您可以手动添加缺少的 [XmlRoot(Namespace = http:// MyNamespace )]
属性设置为 Car
,但是如果随后修改了XSD文件并且需要重新生成c#类型,那么这样做可能会很麻烦。 。
You could manually add the missing [XmlRoot(Namespace = "http://MyNamespace")]
attribute to Car
, but having to do this can be a nuisance if the XSD files are subsequently modified and the c# types need to be regenerated.

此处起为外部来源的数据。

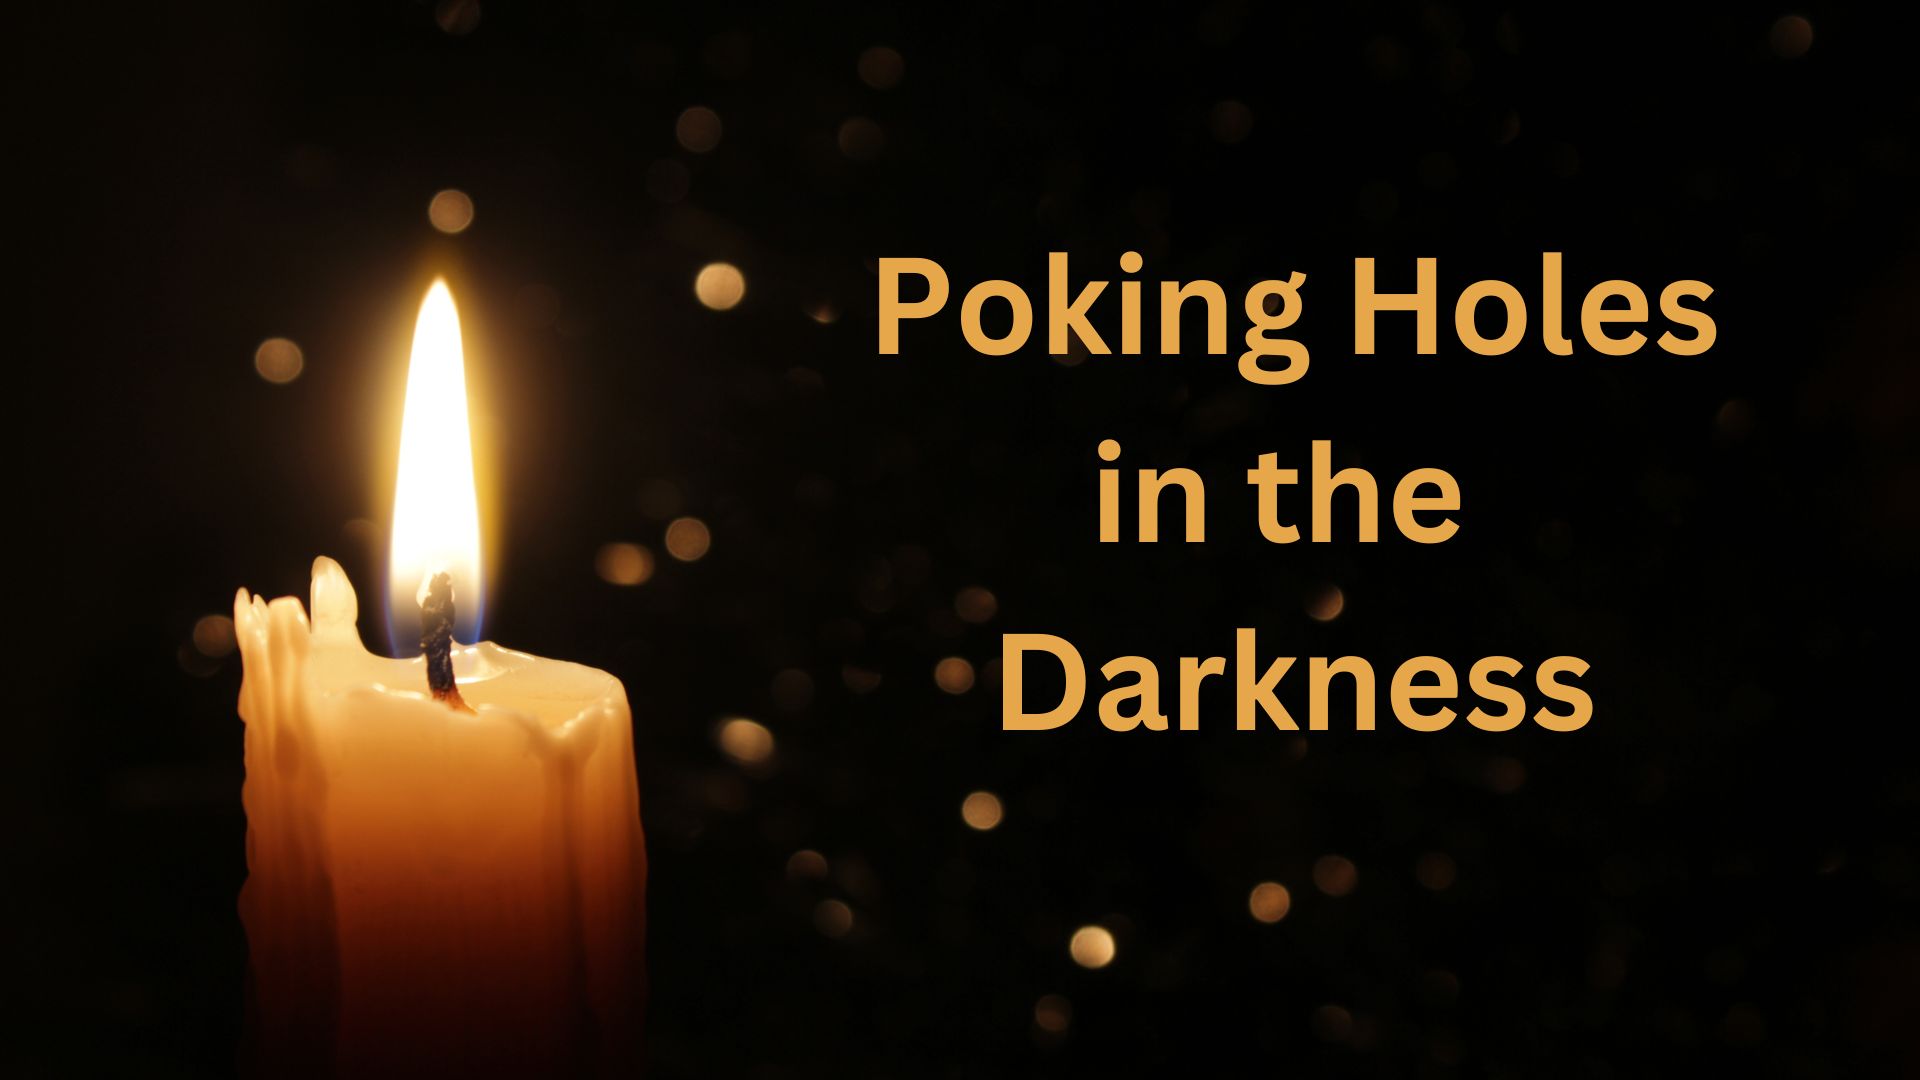 Poking Holes in the Darkness - Adobe Stock

要避免这两个问题,可以使用 XmlNode.SelectNodes(String,XmlNamespaceManager)
选择每个<$ c $ < Cars>
元素内的c>< Car> 节点,然后通过构造一个 XmlSerializer
并覆盖一个 XmlRootAttribute
与el反序列化的节点的名称和名称空间。首先,定义以下扩展方法:
To avoid both issues, you can use XmlNode.SelectNodes(String, XmlNamespaceManager)
to select every <Car>
nodes inside the <Cars>
element, then deserialize each one by constructing an XmlSerializer
with an override XmlRootAttribute
with the element name and namespace of the node being deserialized. First, define the following extension methods:
public static partial class XmlNodeExtensions
{
public static List<T> DeserializeList<T>(this XmlNodeList nodes)
{
return nodes.Cast<XmlNode>().Select(n => n.Deserialize<T>()).ToList();
}
public static T Deserialize<T>(this XmlNode node)
{
if (node == null)
return default(T);
var serializer = XmlSerializerFactory.Create(typeof(T), node.LocalName, node.NamespaceURI);
using (var reader = new XmlNodeReader(node))
{
return (T)serializer.Deserialize(reader);
}
}
}
public static class XmlSerializerFactory
{
// To avoid a memory leak the serializer must be cached.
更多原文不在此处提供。